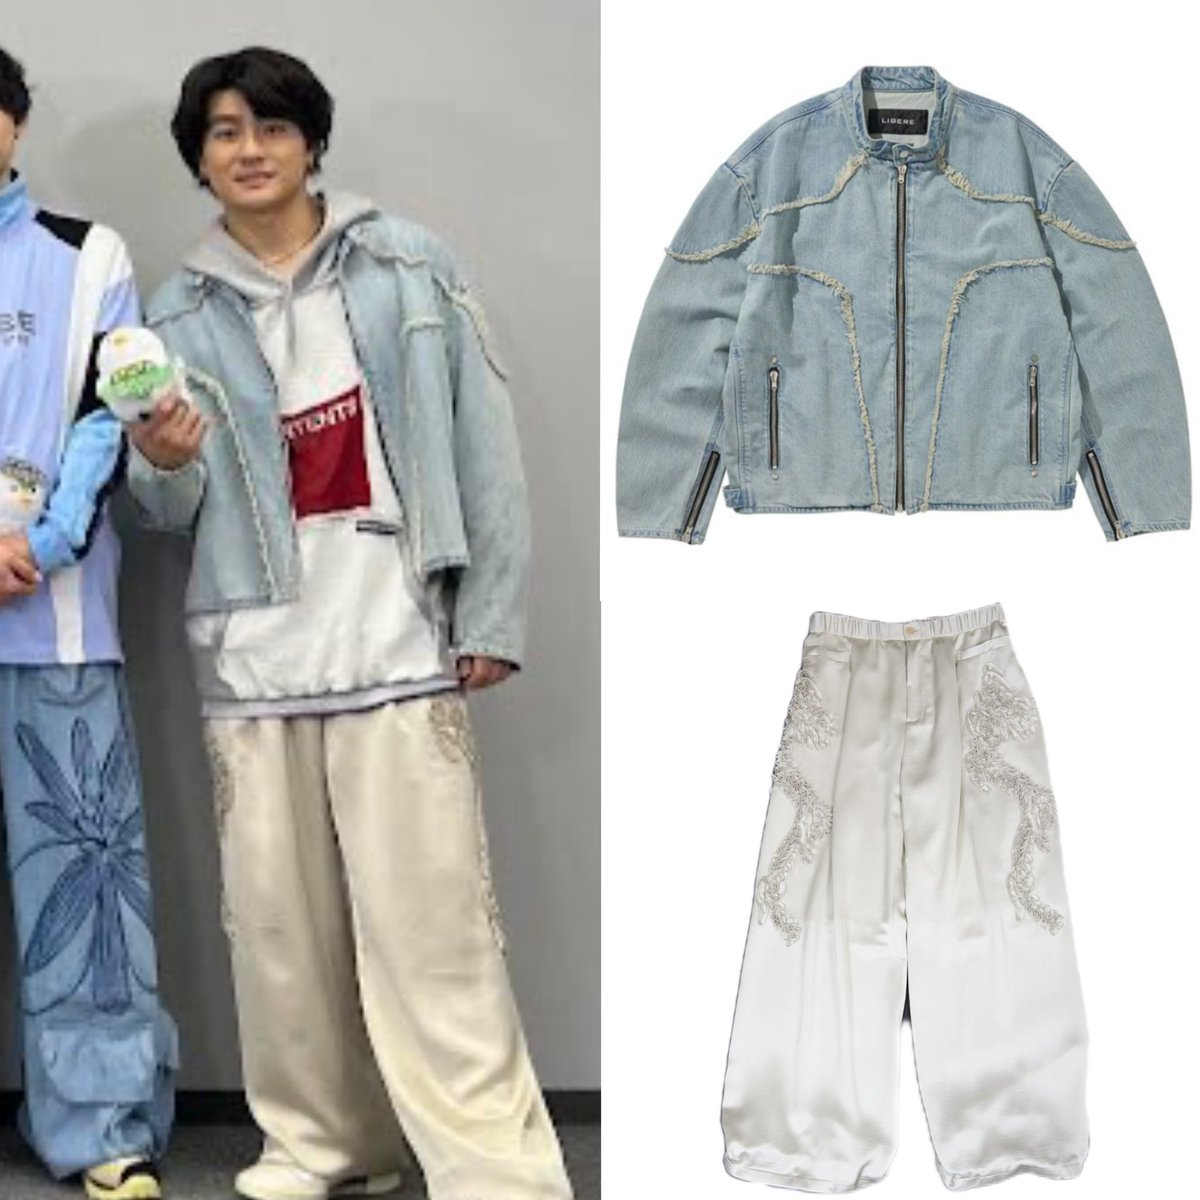 森本慎太郎 - SixTONES
衣装メモ✍️

ジャケット
☞LIBERE
☞¥89,100

パンツ
☞TAAKK
☞¥49,500

###

▸ **The task**
For this step, transcribe all the material above exactly and drop the images.

▸ **Response for this exercise**
 森本慎太郎 - SixTONES
衣装メモ✍️

ジャケット
☞LIBERE
☞¥89,100

パンツ
☞TAAKK
☞¥49,500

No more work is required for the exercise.